→ **Records shown**

□ □ □ □ □

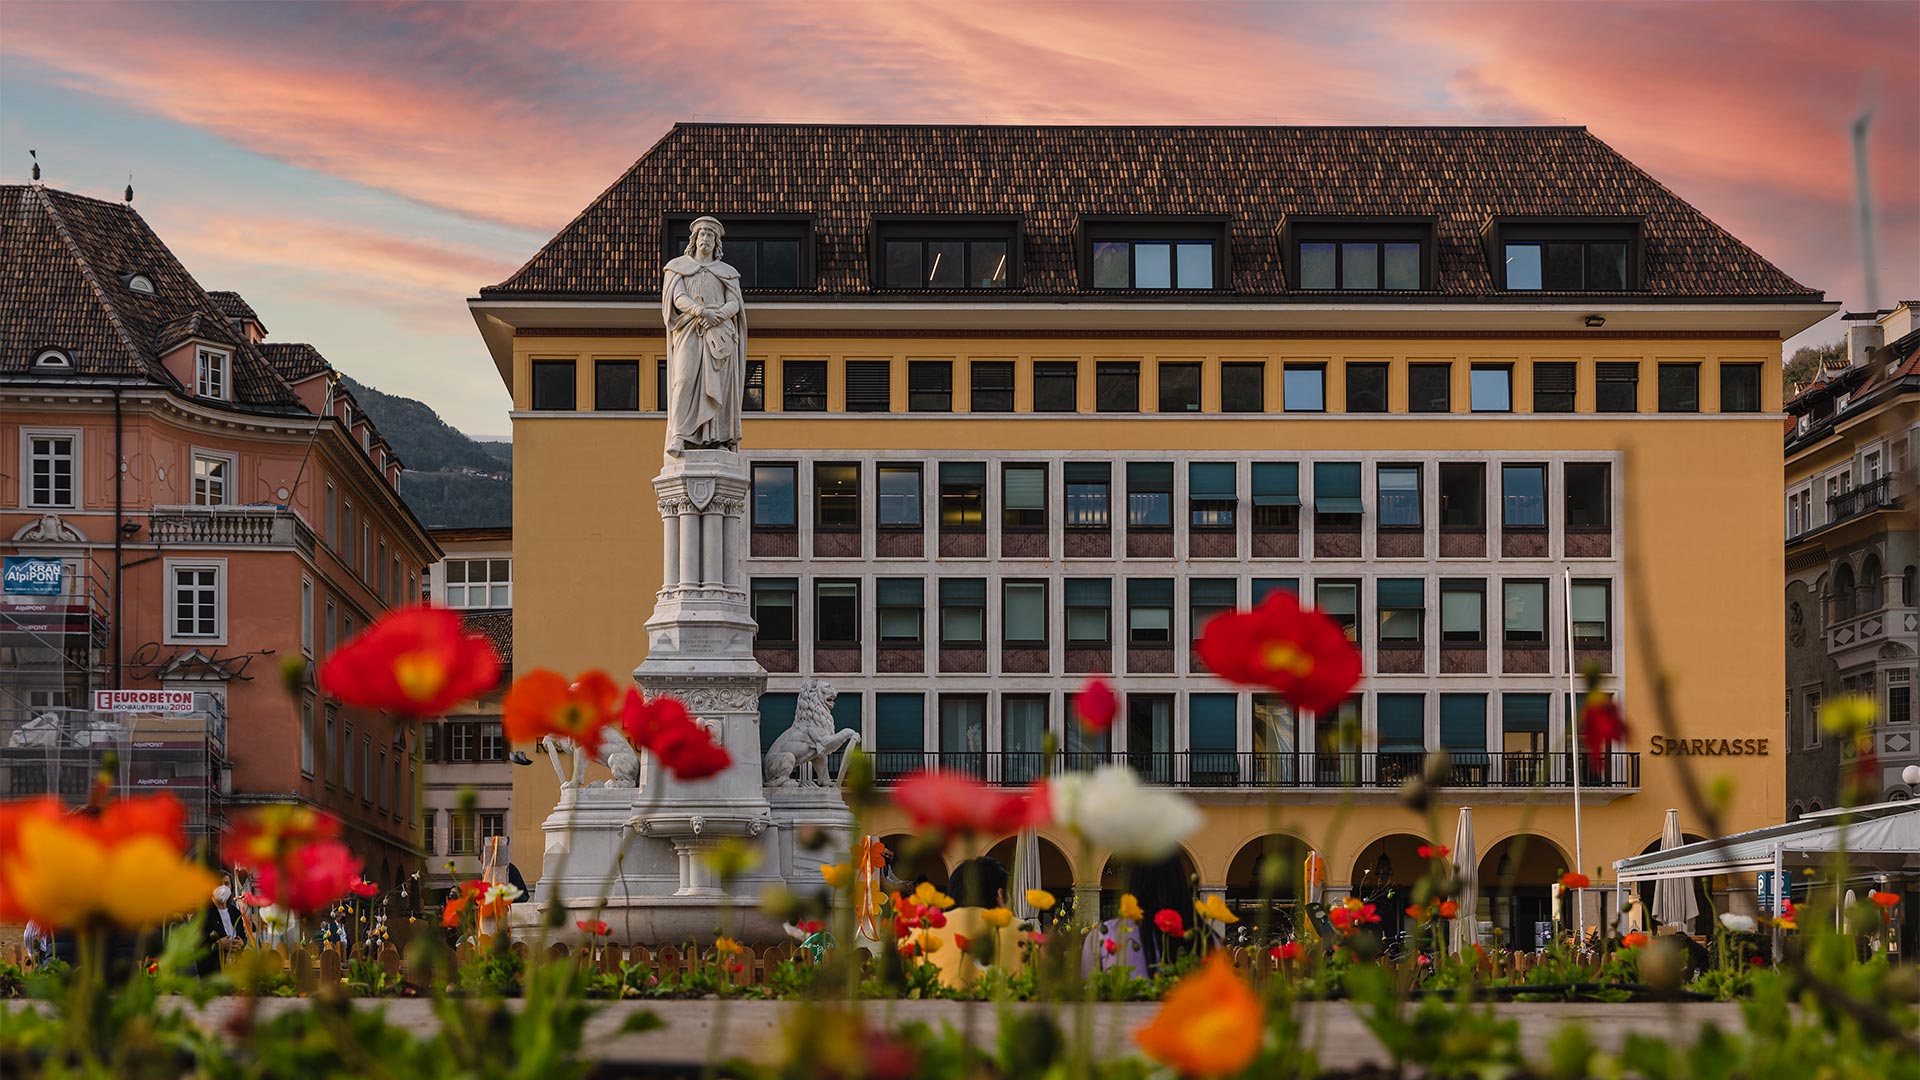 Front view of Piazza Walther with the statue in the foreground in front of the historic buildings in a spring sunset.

□ □ □ □ □

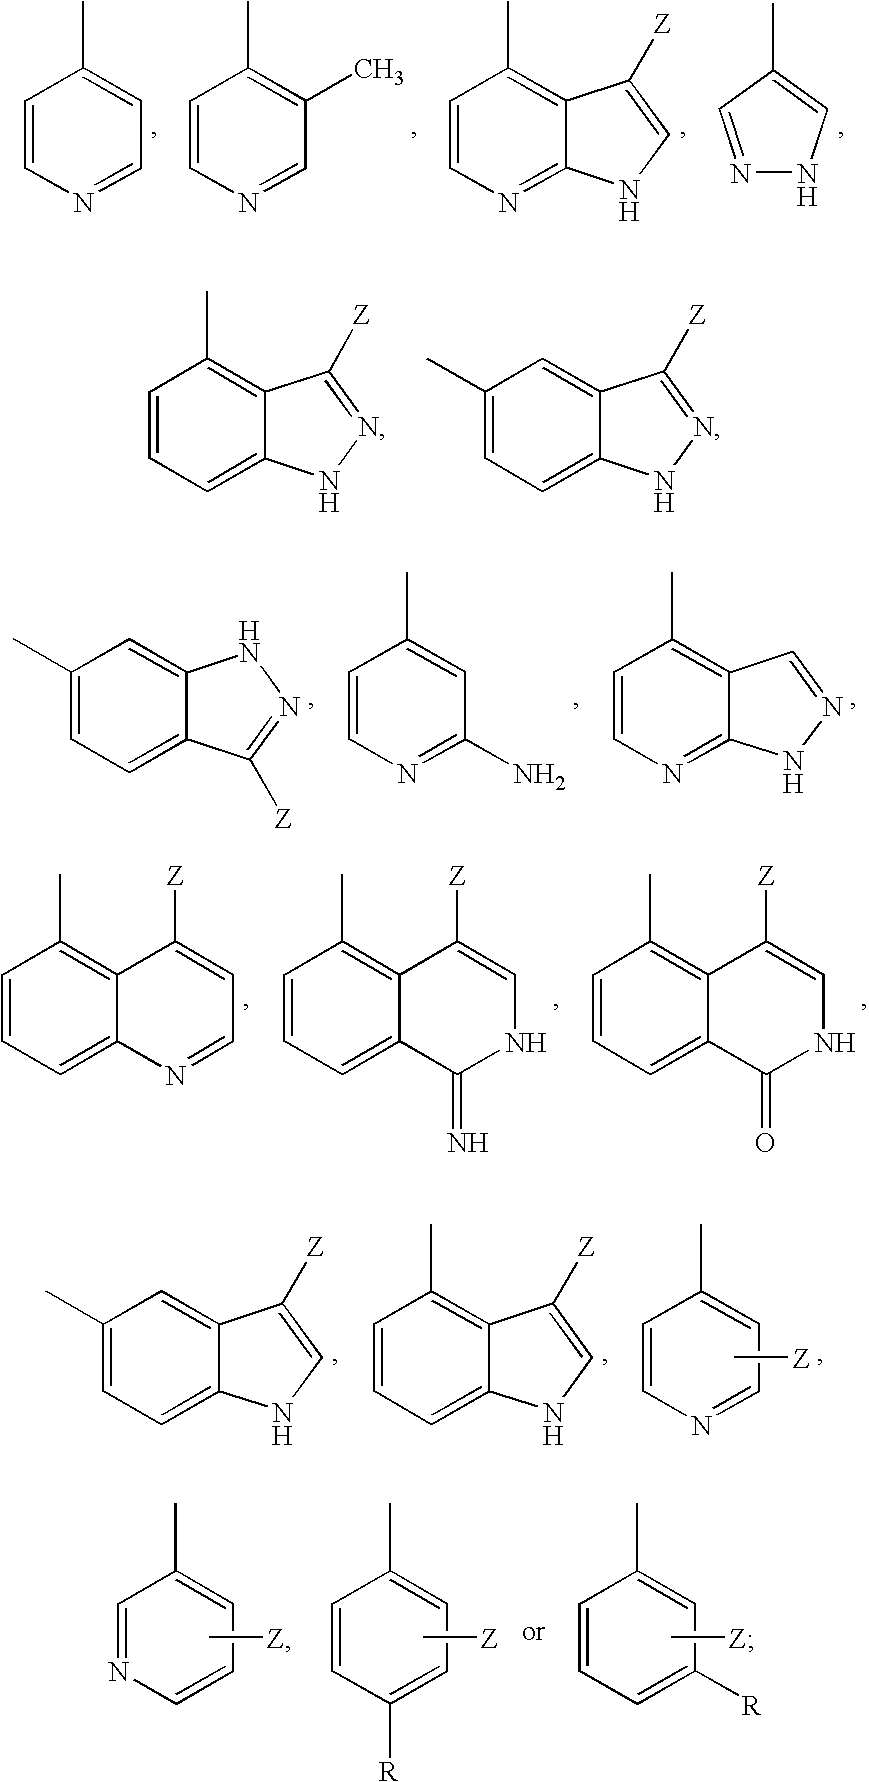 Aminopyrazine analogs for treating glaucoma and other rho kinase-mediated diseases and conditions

□ □ □ □ □

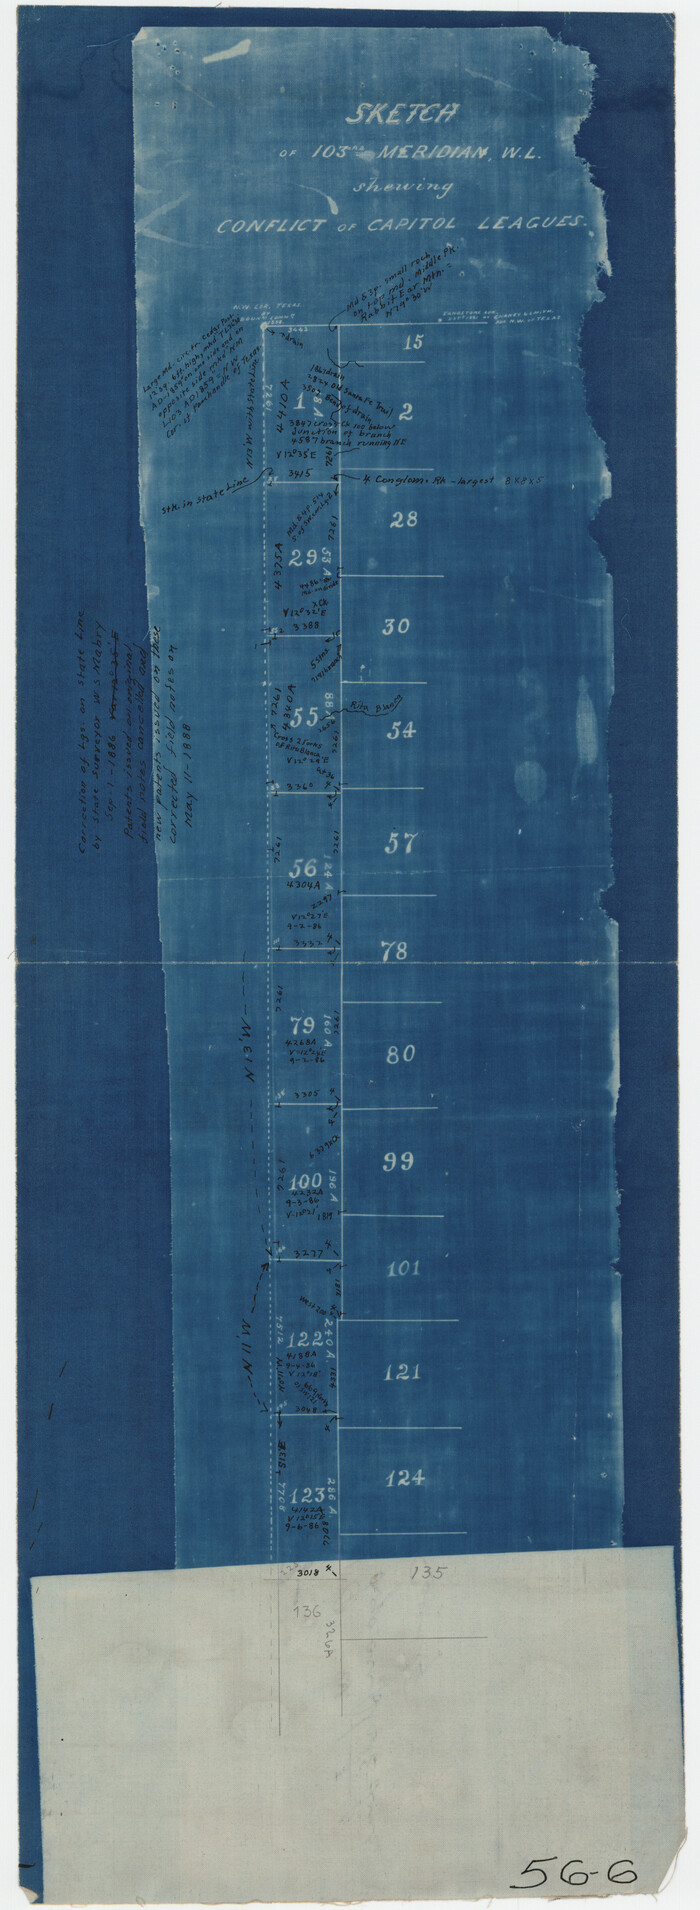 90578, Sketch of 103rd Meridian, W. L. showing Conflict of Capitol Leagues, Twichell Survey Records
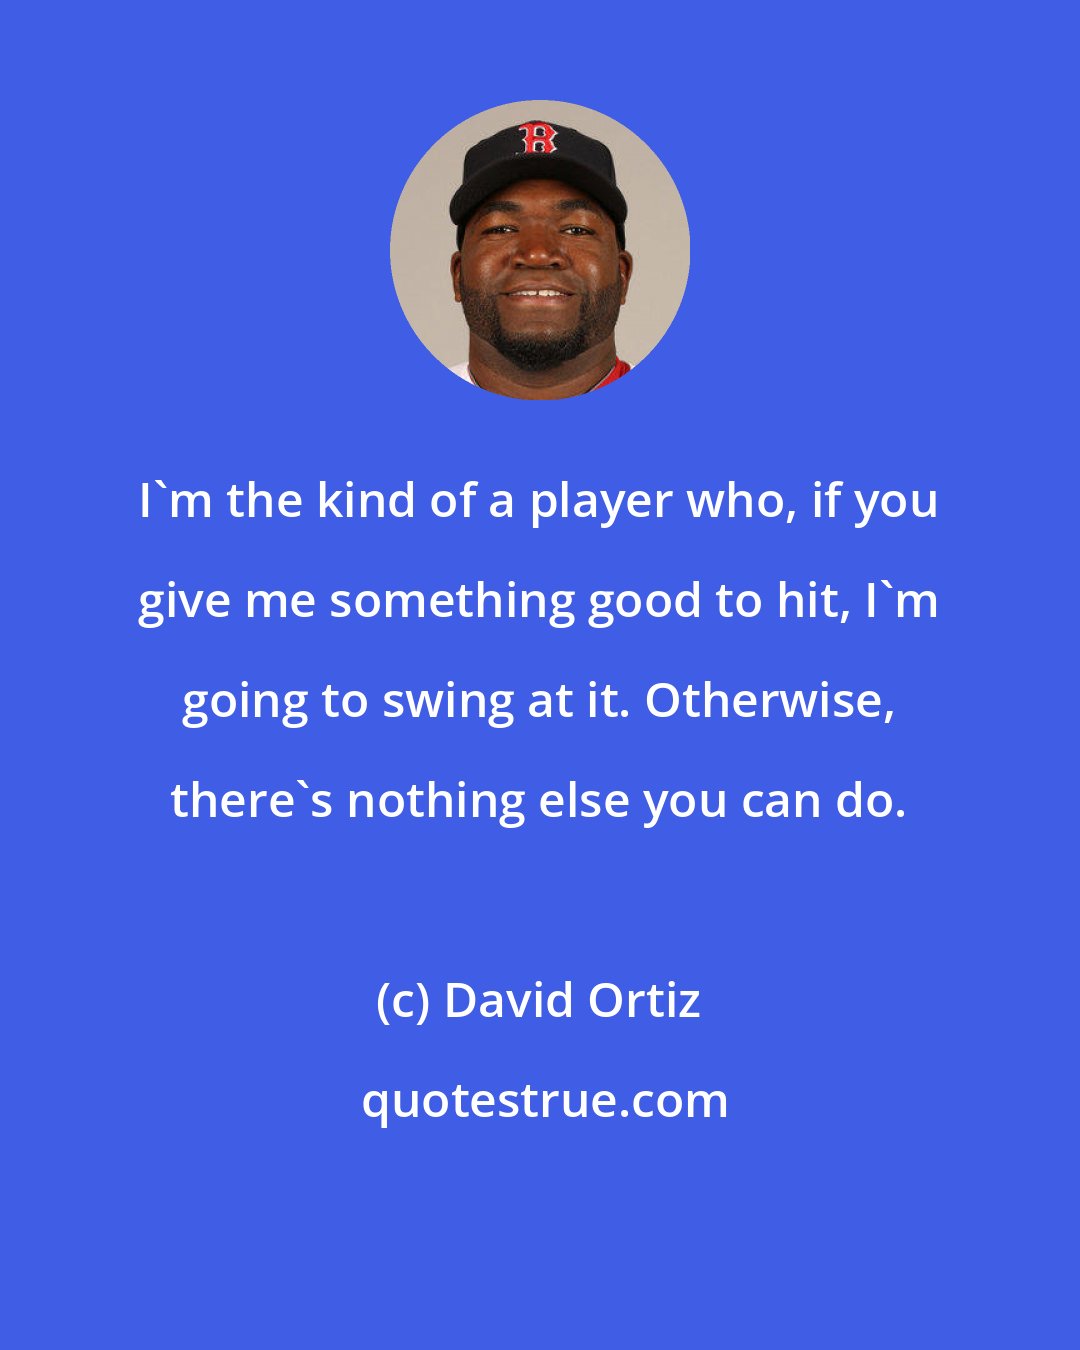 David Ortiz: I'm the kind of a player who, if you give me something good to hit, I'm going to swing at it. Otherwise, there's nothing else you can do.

□ □ □ □ □

→ **Assigned task**
Word for word, write out the lines above running from the one with "90578, Sketch of" up to and including the one with "David Ortiz: I'm". Drop any picture.

→ **Response below**
 90578, Sketch of 103rd Meridian, W. L. showing Conflict of Capitol Leagues, Twichell Survey Records
 David Ortiz: I'm the kind of a player who, if you give me something good to hit, I'm going to swing at it. Otherwise, there's nothing else you can do.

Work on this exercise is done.